Monday, March 22, 2010

Simple question… very hard answer… Talk amongst yourselves…

I’m going to try a completely different approach to this post. I’ll post a question and simply let the discussion ensue. I would even encourage the discussion to spill over to the public newsgroups/forums. Question for today is:

How can you effectively unit-test synchronization primitives for correctness or more generally, how would you test a concurrency library?

Let’s see how far we can get down this rabbit hole ;-).


  1. I would put it in the concurrent work and see how it performs...

  2. Performance is a separate issue. I said *correctness*, not performance. Yes it is a critical issue, but without correctness, performance is irrelevant.

  3. I would first define tests:-) What do we want to test? "Library" should be something reusable across a number of projects. What kinds of projects are these?
    I would start from use-cases of using such a library. In other words: cases of apps using the library being tested.

  4. Off-topic I know, but *you* don't need to test primitives because the OS vendor does that. If you really want to know how they are tested then I'd look at the tests for Linux kernel.

    Starting from scratch I think the first thing you need to do is to enumerate how your primitive could fail and then try to devise a way to make that failure manifest. Easy to say, not so easy to do. Since these primitives will very likely be quite hardware dependent you need a lab with a lot of different hardware!

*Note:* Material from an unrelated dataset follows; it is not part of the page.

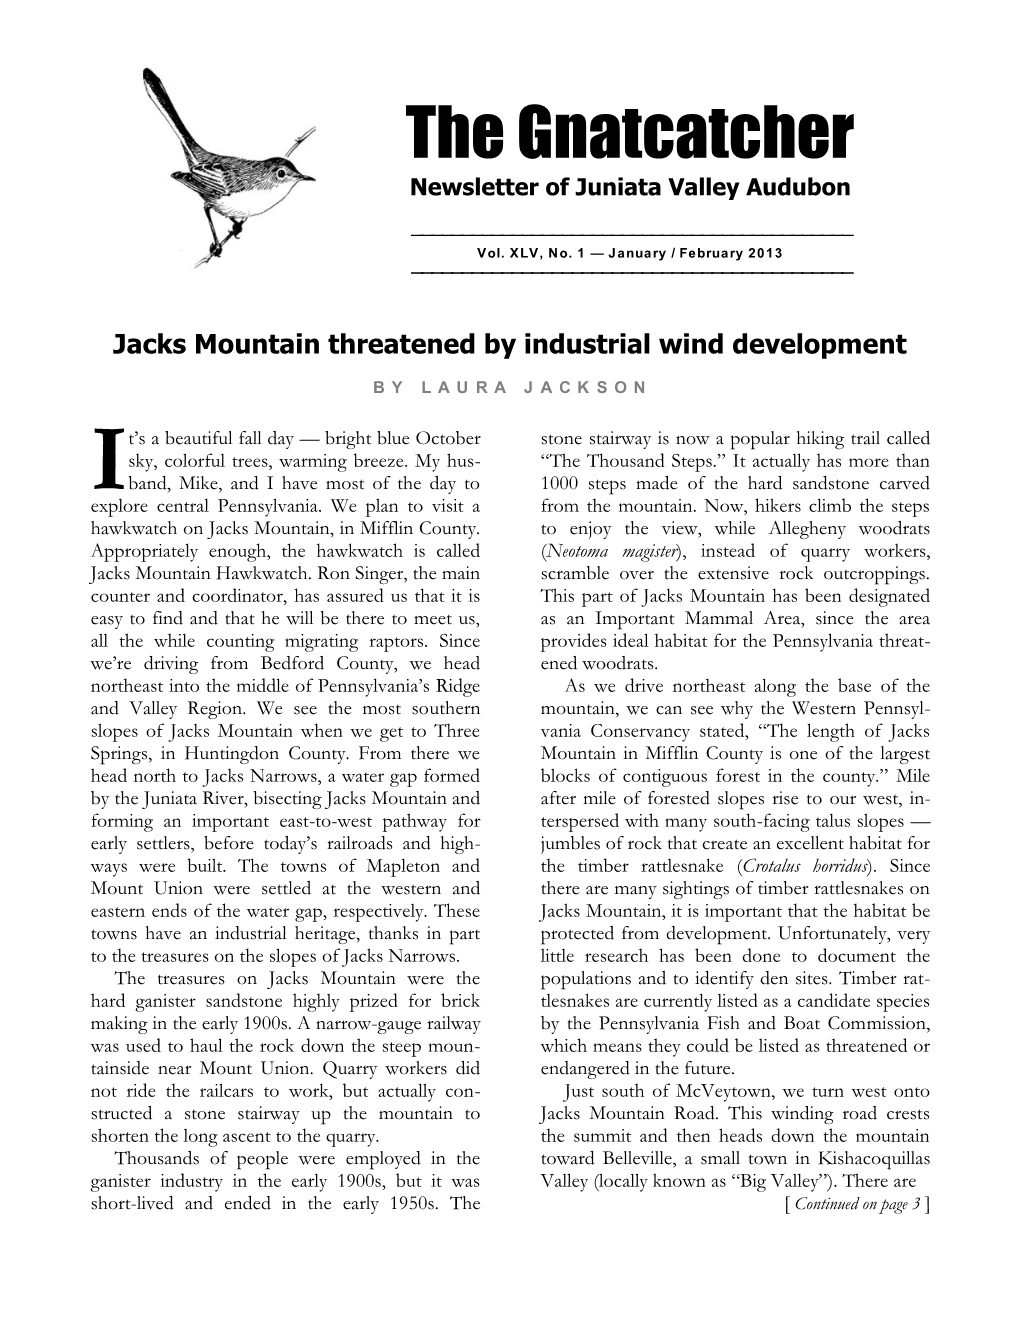 The Gnatcatcher Newsletter of Juniata Valley Audubon
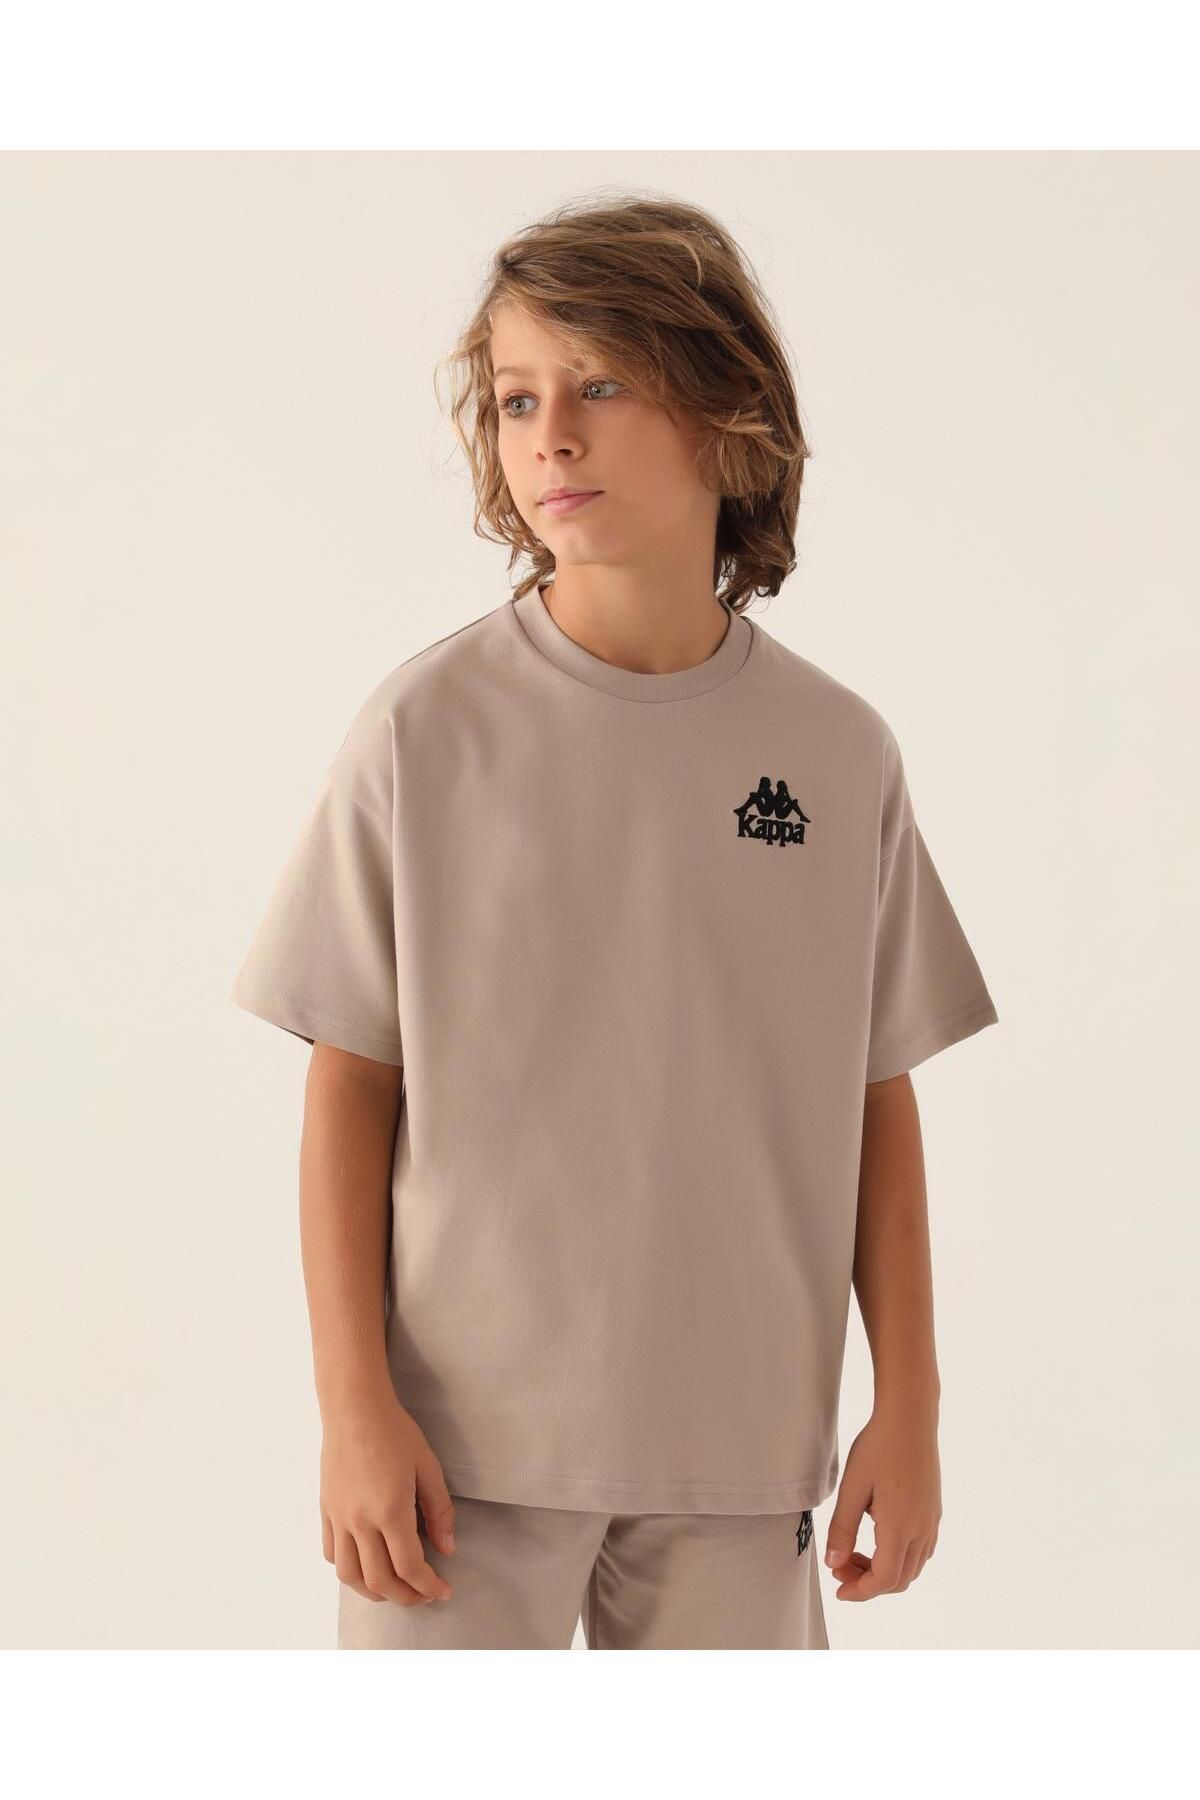 Kappa Authentic Caden Erkek Çocuk Bej Regular Fit Tişört

  5. I am not an expert in the field, but Helgrind and the UPPAAL project ( might be relevant to the discussion.

    Many hard real-time systems research groups deal with this kind of problems everyday, they probably have a lot to offer in this area.

    The traditional "academic" approach would probably be to formalize some invariants and show that they hold in every possible situation. I am not sure this is always feasible.

  6. For primitives, I usually write a test contains as much opportunities as possible that may/should cause a data race to cause an observable side effect. E.g., is the test I wrote for TMultiReadExclusiveWriteSynchronizer (I hereby release it to the Public Domain, so feel free to look at it and use it in any way).

  7. Is TMultiReadExclusiveWriteSynchronizer a primitive?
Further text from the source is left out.